_EXERCISE DATA_:
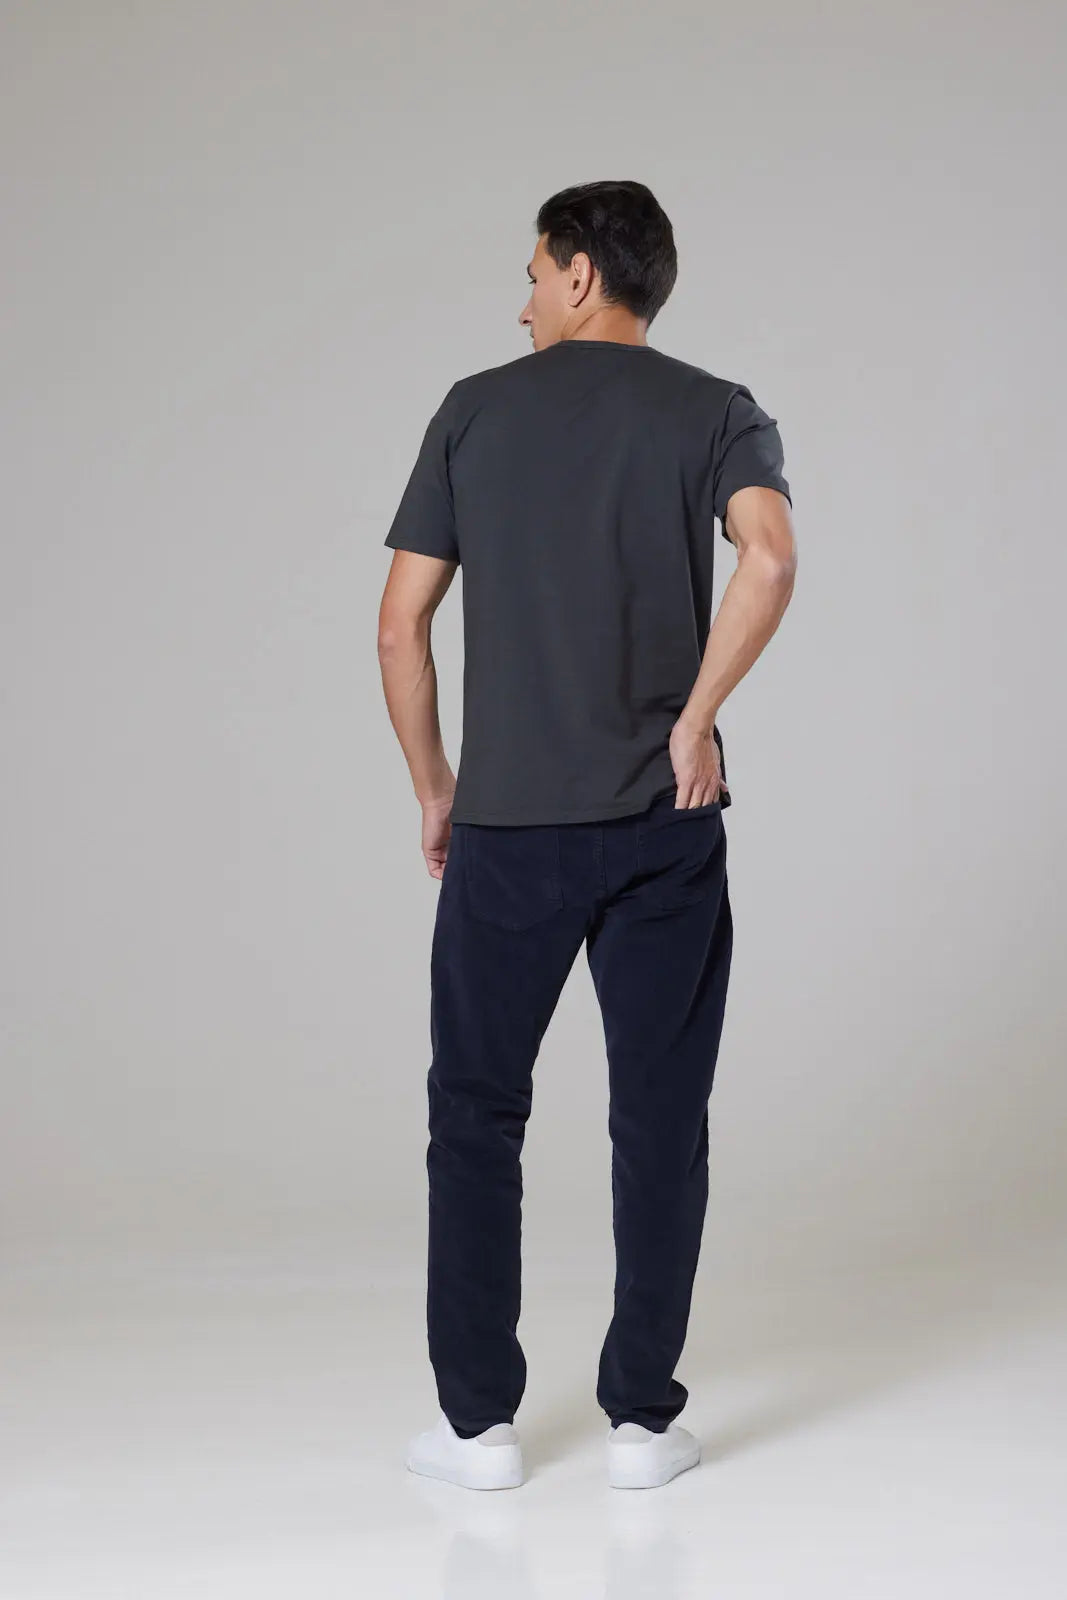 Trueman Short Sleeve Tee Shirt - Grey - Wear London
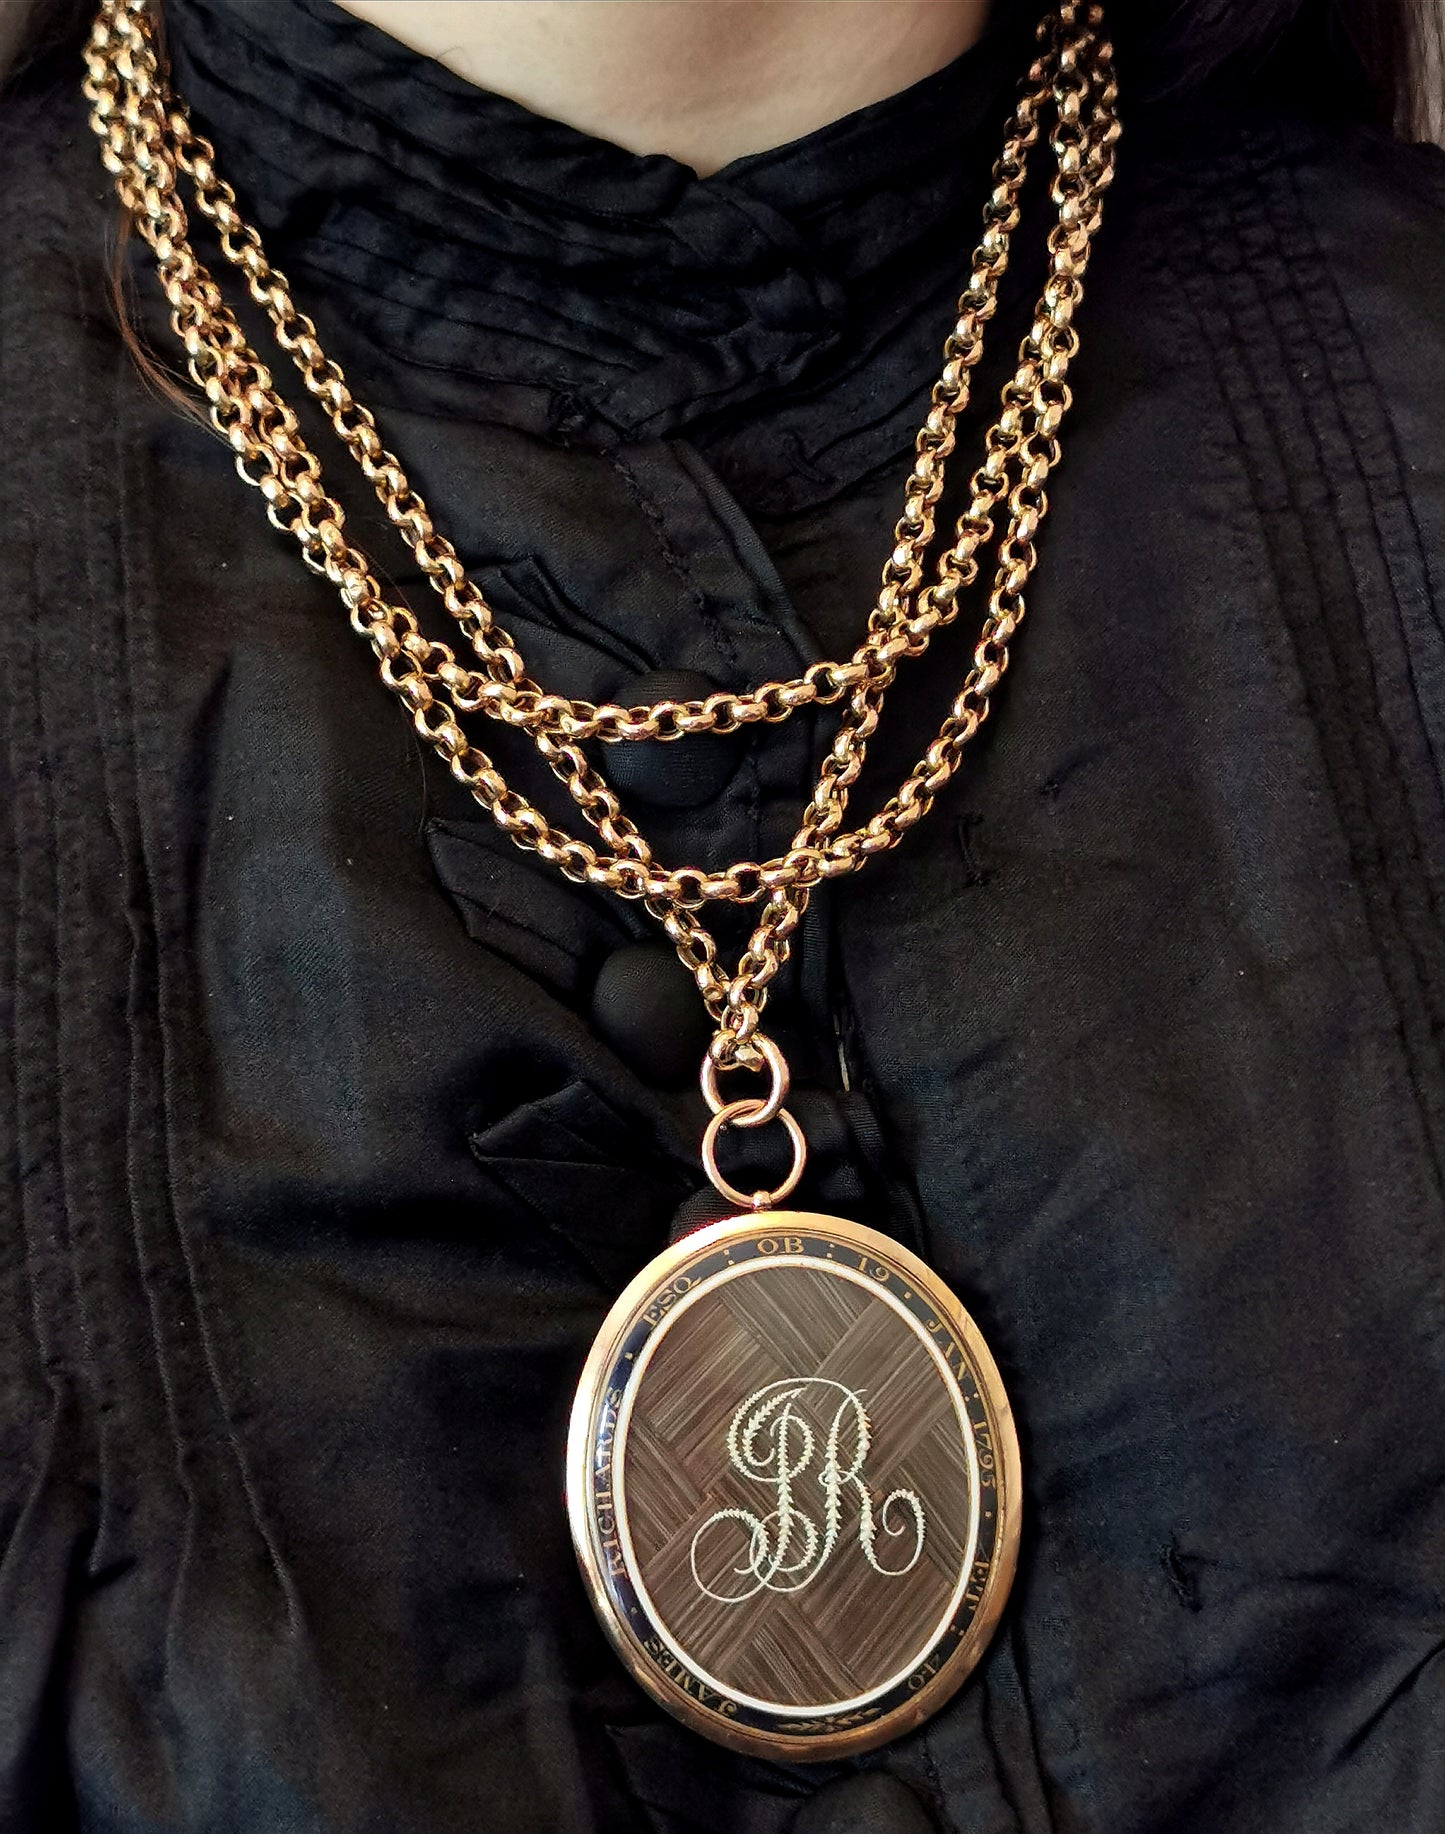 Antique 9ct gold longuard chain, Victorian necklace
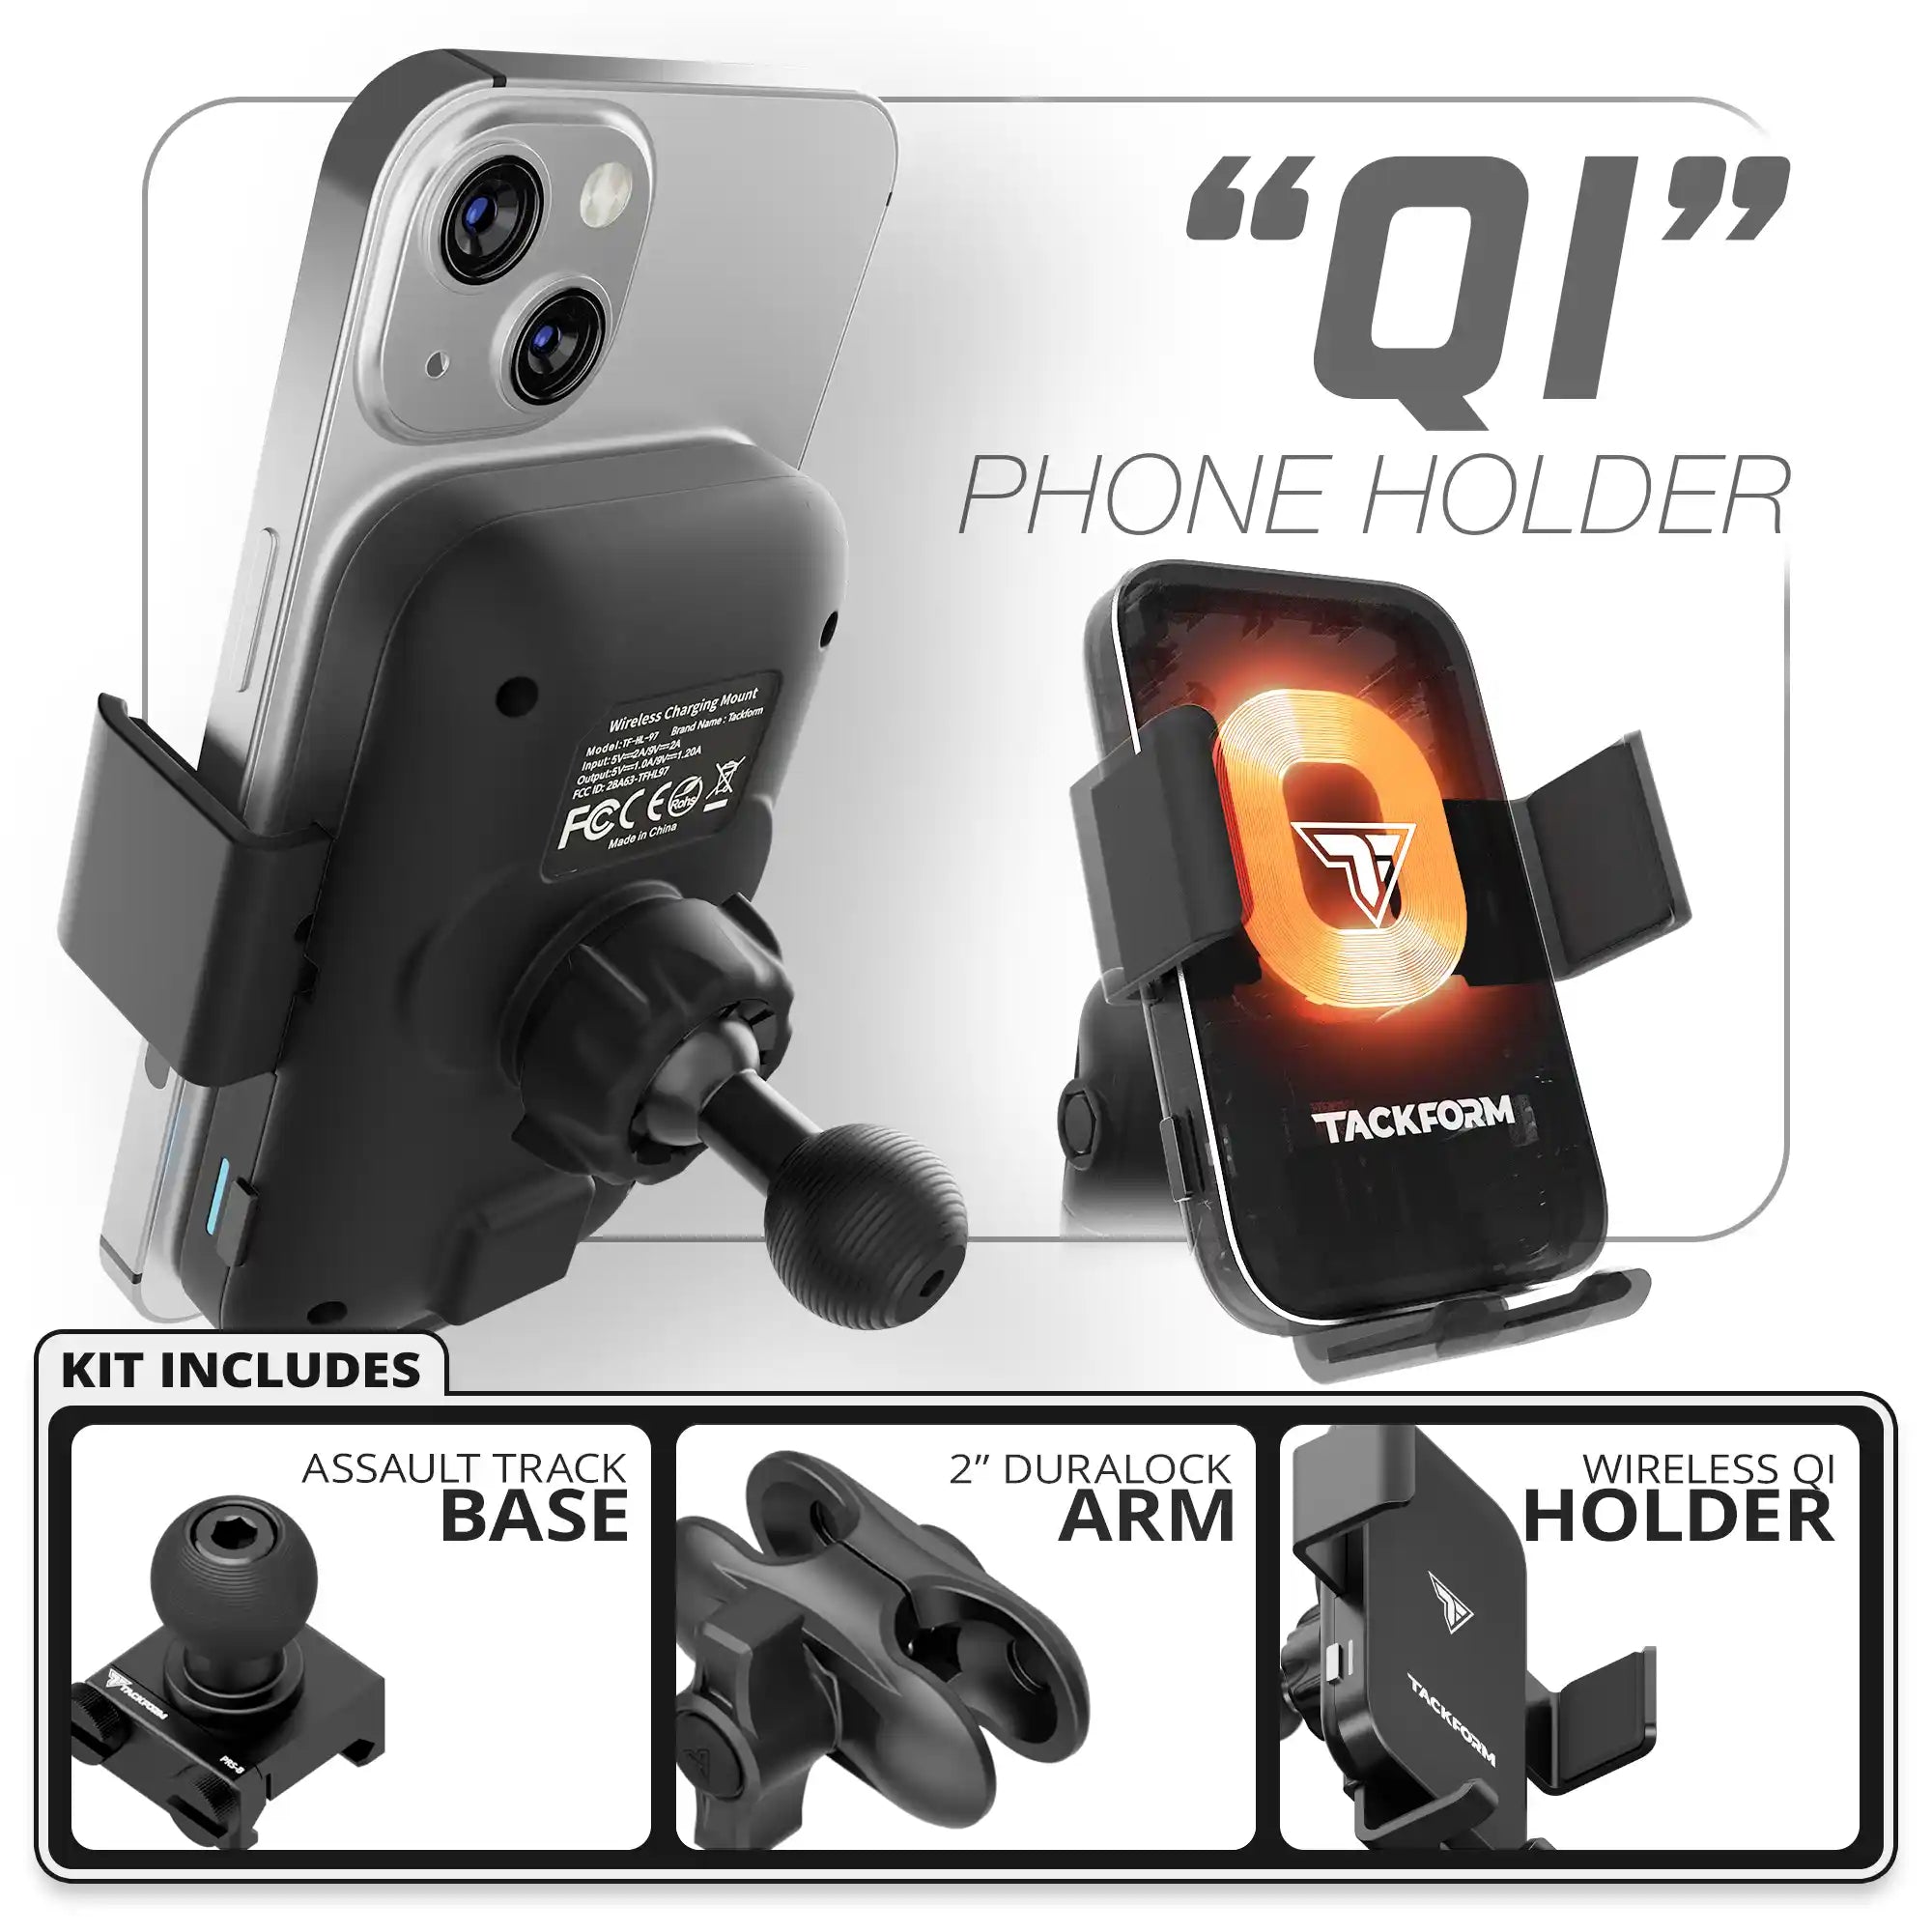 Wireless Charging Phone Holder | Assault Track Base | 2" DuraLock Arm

_TASK ITEM_: An exact reproduction of the lines from the line containing "Antique 9ct gold" through the end of the listing above is needed; pictures stay out.

_COMPLETED TASK_:
 Antique 9ct gold longuard chain, Victorian necklace
 Wireless Charging Phone Holder | Assault Track Base | 2" DuraLock Arm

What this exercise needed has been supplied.